Came across this video today. Am not sure if its gone around yet so thought I would post it... "I learned something new today" the dude says! lol




__ https://www.facebook.com/video.php?v=1070504386329824


----------



## Frosty (Feb 13, 2010)

oh wow. lol.


----------



## sassykat6181 (Nov 28, 2012)

Oh boy. Lmao


----------



## Goats Rock (Jun 20, 2011)

A former co-worker's wife did not know where eggs actually came from. When he bought some from me, a couple had a stain on them. ( they were clean, I'd wiped the mud off one little area on two eggs). She asked what the stain was. I said " oh, probably mud or poop" . Wrong answer! She then asked how the eggs get out. She flipped out when I told her, will not eat eggs because they come out of a chicken's rear! 

The town isn't a big city. Farms are minutes away. She had to know where eggs came from! No one is that goofy, are they?


----------



## toth boer goats (Jul 20, 2008)

Too funny and so wrong, LOL. :doh::laugh:


----------



## NyGoatMom (Jan 26, 2013)

Oh brother....that's sad


----------



## janeen128 (Dec 31, 2012)

Oh wow.... I'm wondering just how many people went to go look at their chickens for their udder....


----------



## Aprilszoo (Mar 31, 2014)

Then there are the anti-hunting meat-eaters....
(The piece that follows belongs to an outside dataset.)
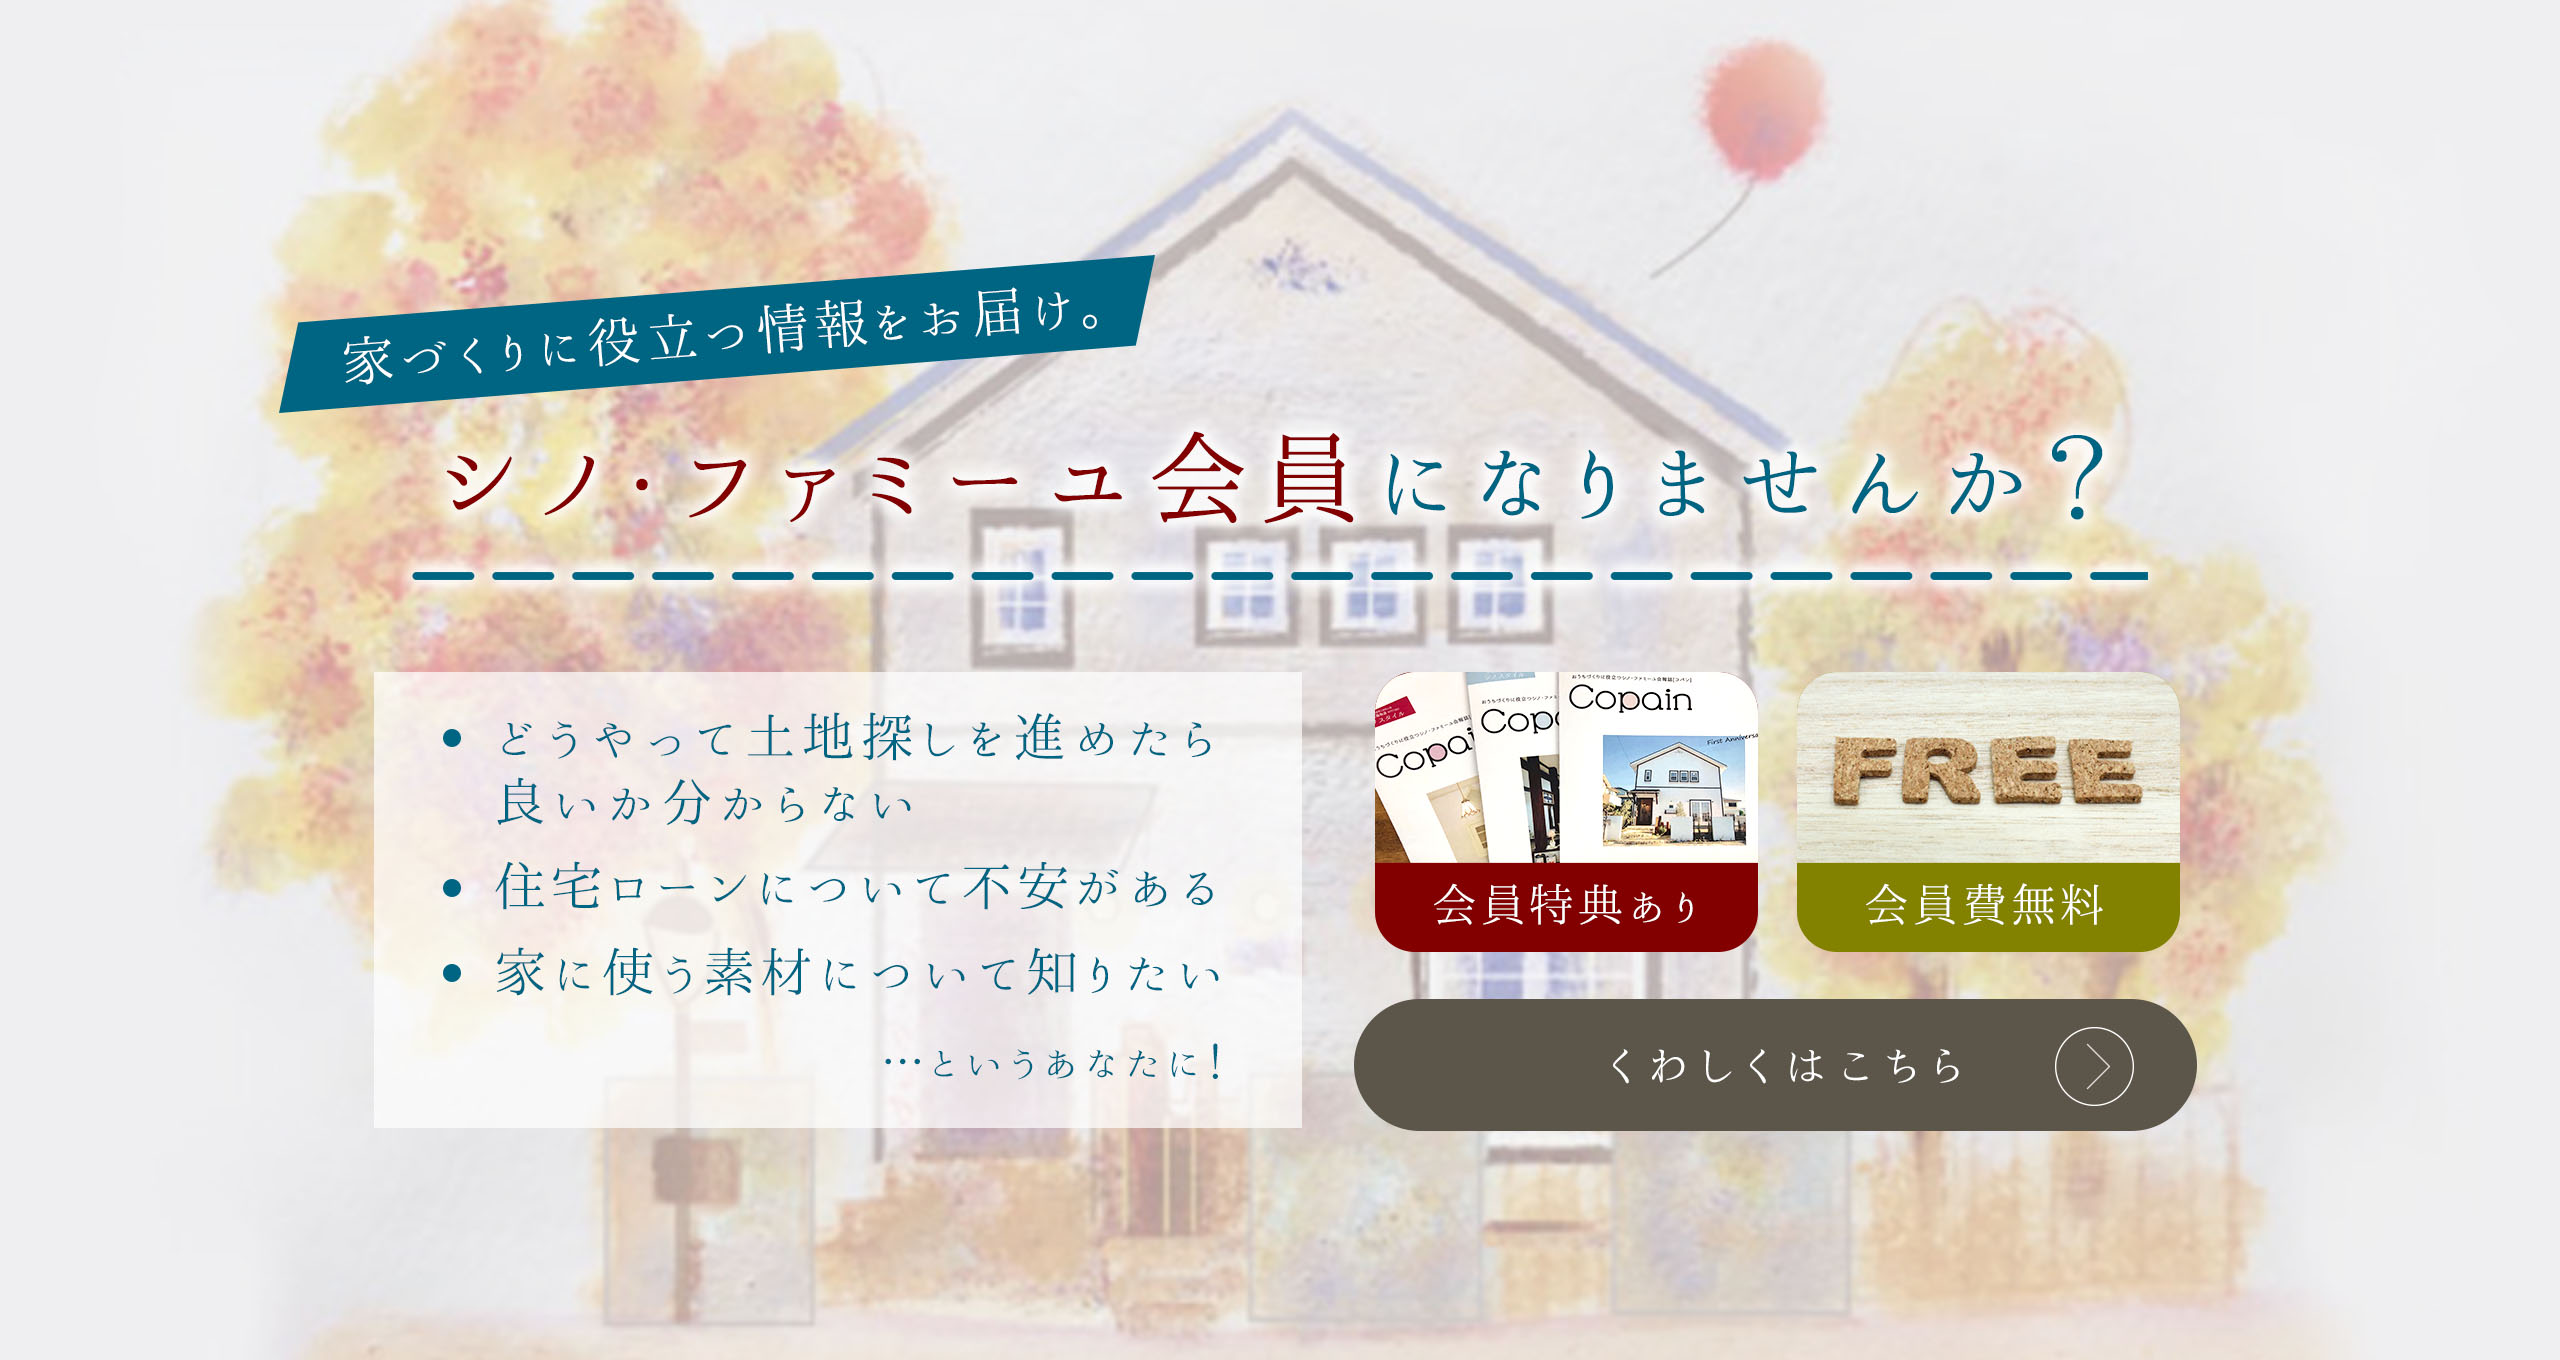 スライド画像 - シノ・ファミーユ会員になりませんか?

http://wafflesatnoon.com/to-all-you-hunters-newspaper-clipping/


----------



## NyGoatMom (Jan 26, 2013)

Aprilszoo said:


> Then there are the anti-hunting meat-eaters....
> 
> http://wafflesatnoon.com/to-all-you-hunters-newspaper-clipping/


:shock: :shock: ....... :ROFL:


----------



## janeen128 (Dec 31, 2012)

Aprilszoo said:


> Then there are the anti-hunting meat-eaters....
> 
> http://wafflesatnoon.com/to-all-you-hunters-newspaper-clipping/


Oh wow...! Hoping it was a joke, but um you never know these days.....


----------



## Greybird (May 14, 2014)

For a follow up, someone should make a video about milking pigeons.
Because, after all, pigeon milk is REAL!


----------